Defections: A sad picture of capitulation and capture

Obituaries
By Alex T. Magaisa Breakups are hard, yet they are as common in politics as they are in more intimate paths of life. Some end quietly. But others take a more tempestuous course, and when that happens, it can be ugly. Where nuptials existed, having begun with a person in holy robes pronouncing the union […]

By Alex T. Magaisa

Breakups are hard, yet they are as common in politics as they are in more intimate paths of life. Some end quietly.

But others take a more tempestuous course, and when that happens, it can be ugly.

Where nuptials existed, having begun with a person in holy robes pronouncing the union of husband and wife undertaking to live happily ever after, it is another person, this time clad in judicial robes, who pronounces the unhappy ending.

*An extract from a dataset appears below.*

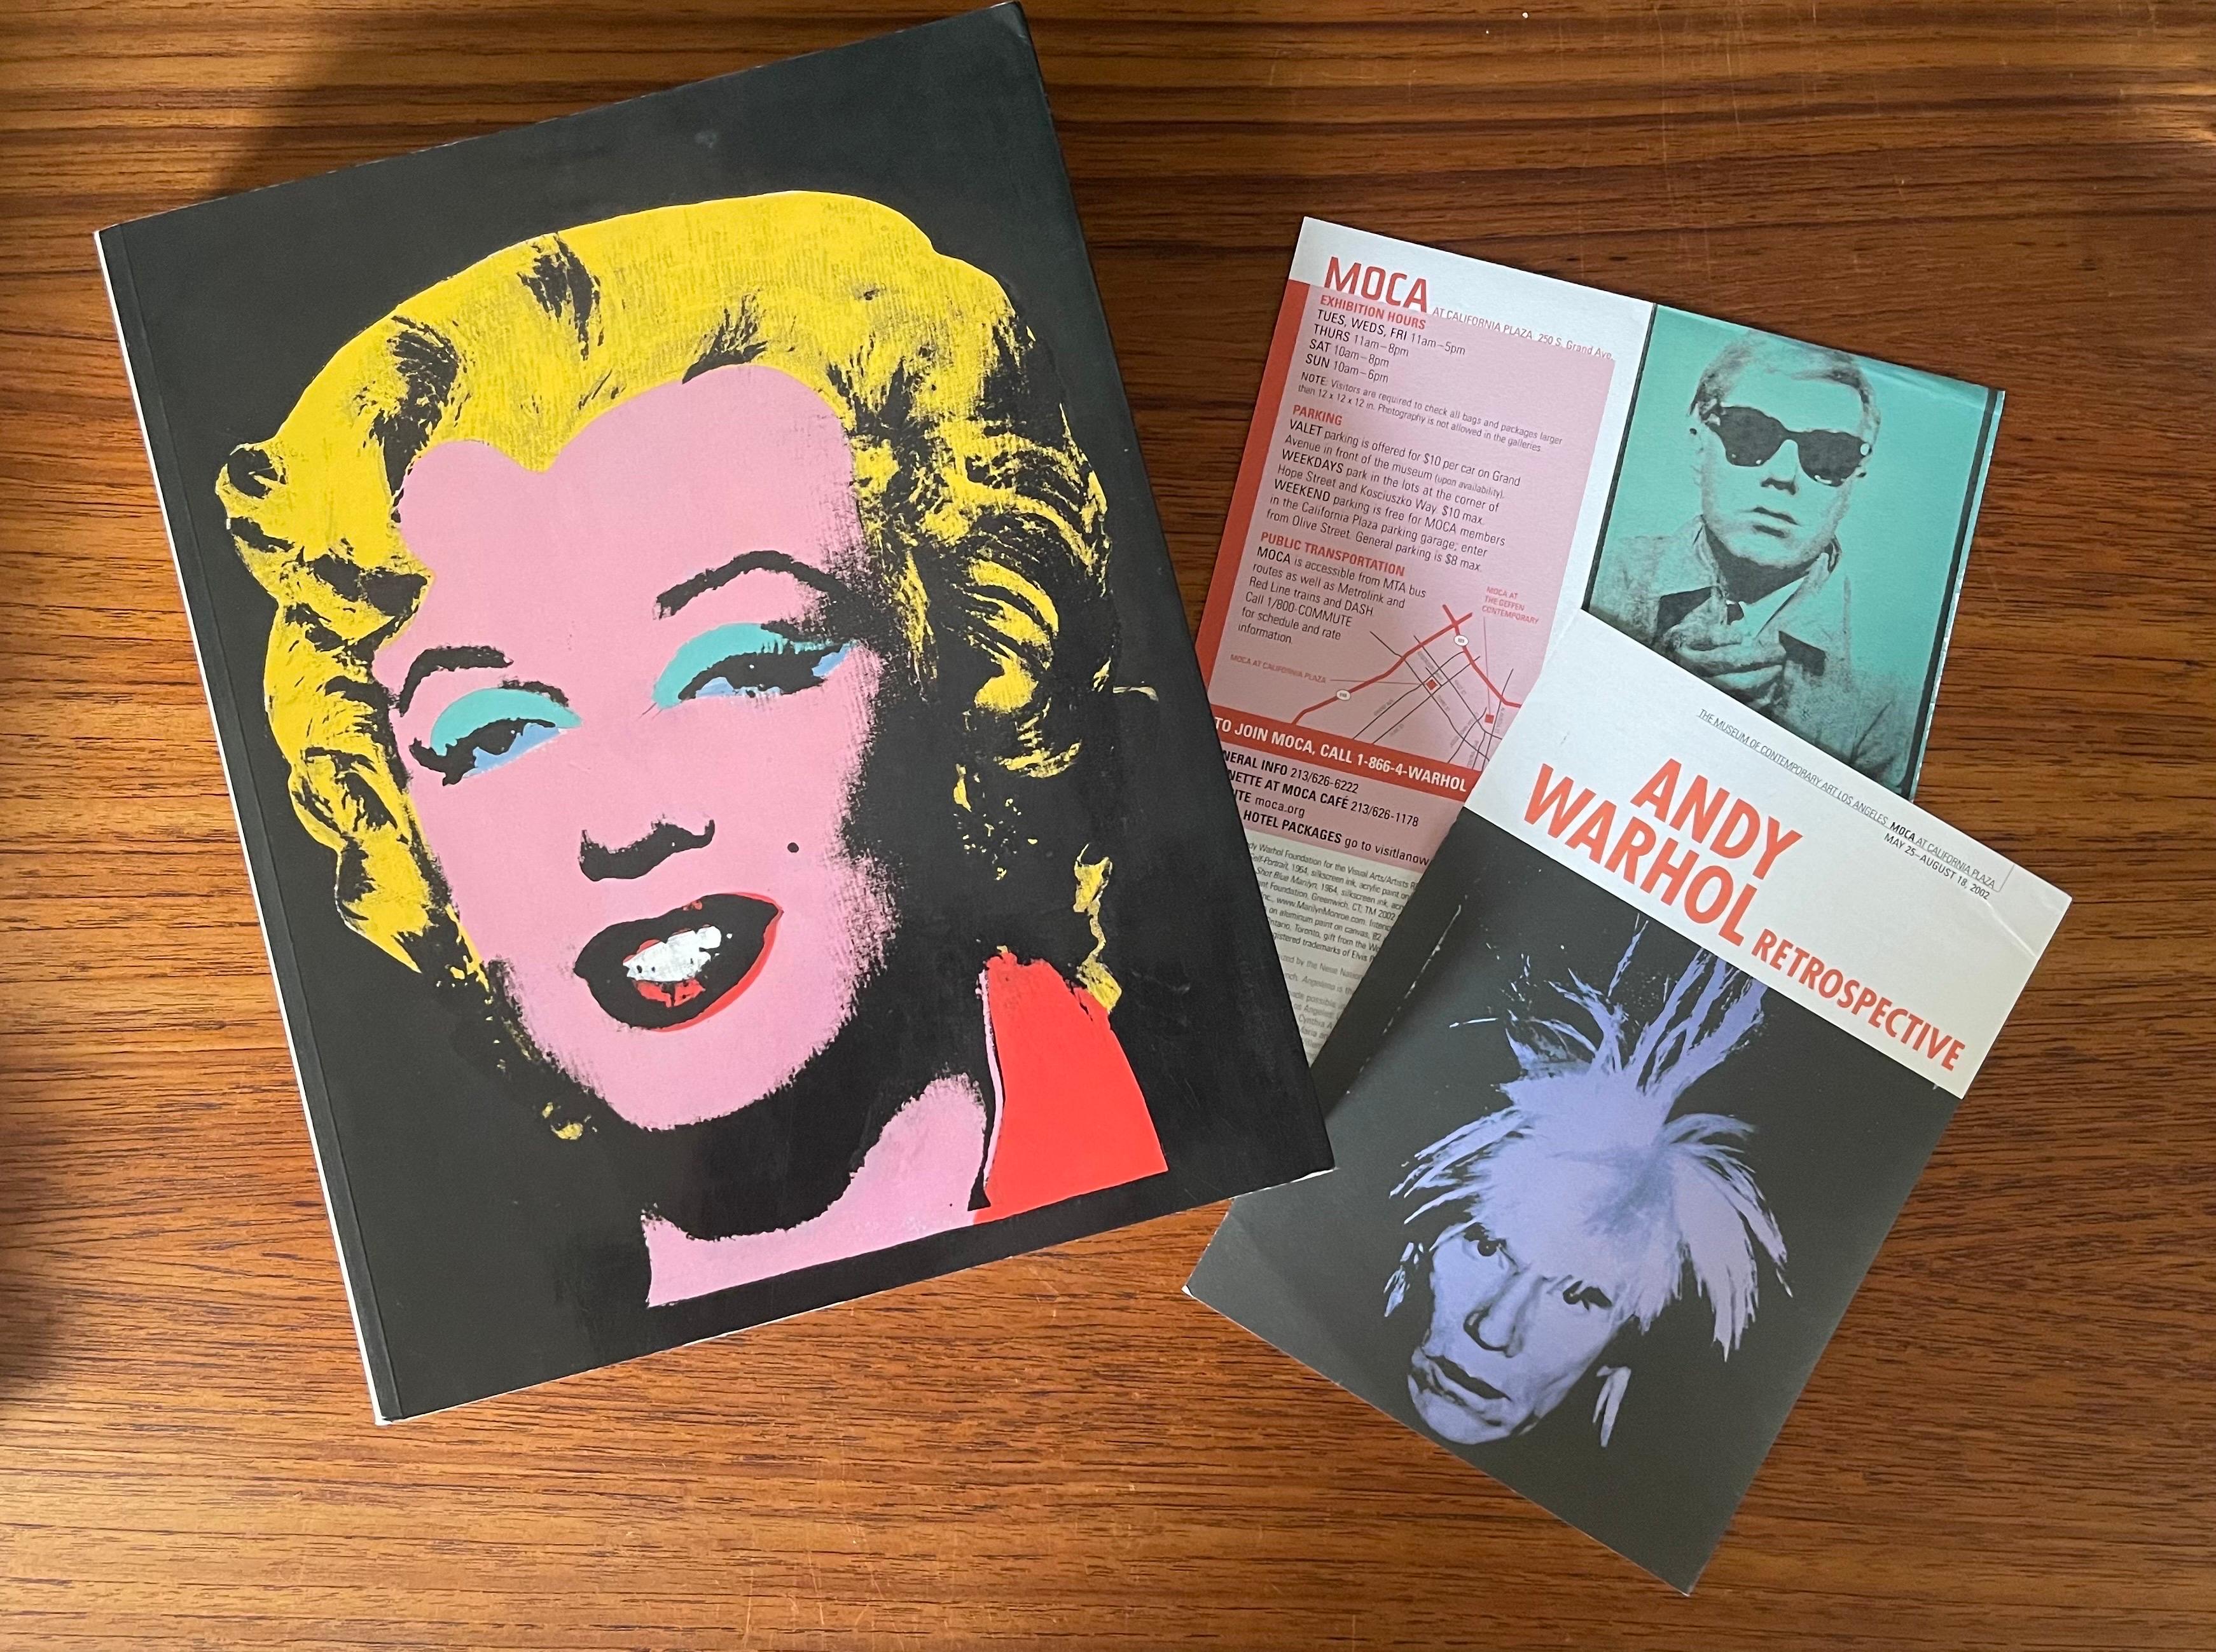 Moca LA 2002: Retrospektive Kunstbuch- und Ausstellungsprogramme von Warhol (Moderne der Mitte des Jahrhunderts) im Angebot

On those occasions where the union refuses to quit peacefully, the process is accompanied by much drama, which includes the noise and some stench, the consequences of nuptial laundry being washed in public.

It is not a pretty sight.

The situation is not helped when one of the parties throws themselves into the arms of an old rival.

It rubs salt on the wounded former partner, prompting more unhealthy exchanges.

This might appear harsh, but it appears to be a suitable metaphor for events of last week when two former members of the opposition placed themselves on the lap of President Emmerson Mnangagwa, an event that simultaneously announced an unhappy separation and a strange union.

Both immediately announced that they felt “at home” in Zanu PF, a party that had tormented them and their supporters for the better part of the last two decades.

There was some irony about the setting of this union, but it may have escaped them.

They spent two decades criticising party-state conflation, but here they were, canoodling with Zanu PF mandarins at State House, the seat of government, not at Zanu PF’s headquarters, the home of the party. Lillian Timveos even cooed about “our chairperson”, referring to Oppah Muchinguri, the Zanu PF chairperson.

The other was Blessing Chebundo — he sounded nervous as he praised his new bosses.

It was an arrival in perfect Zanu PF style — no distinction between the party and the government.

The two belonged to two different parties, but it was telling that Zanu PF apparatchiks happily credited them to the MDC Alliance.

The Daily News, which of late has ploughed the propaganda furrow for the regime, took a similar line.

Timveos was a senior official of the MDC Alliance.

But Chebundo had already migrated from the MDC Alliance to the MDC-T led by Douglas Mwonzora.

That Zanu PF apparatchiks deliberately ignored this fact, choosing to credit Chebundo to the MDC Alliance betrays their desperation to score one over their real nemesis, the MDC Alliance.

You would have thought they would be happy to have taken him from the party they refer to as the biggest opposition party.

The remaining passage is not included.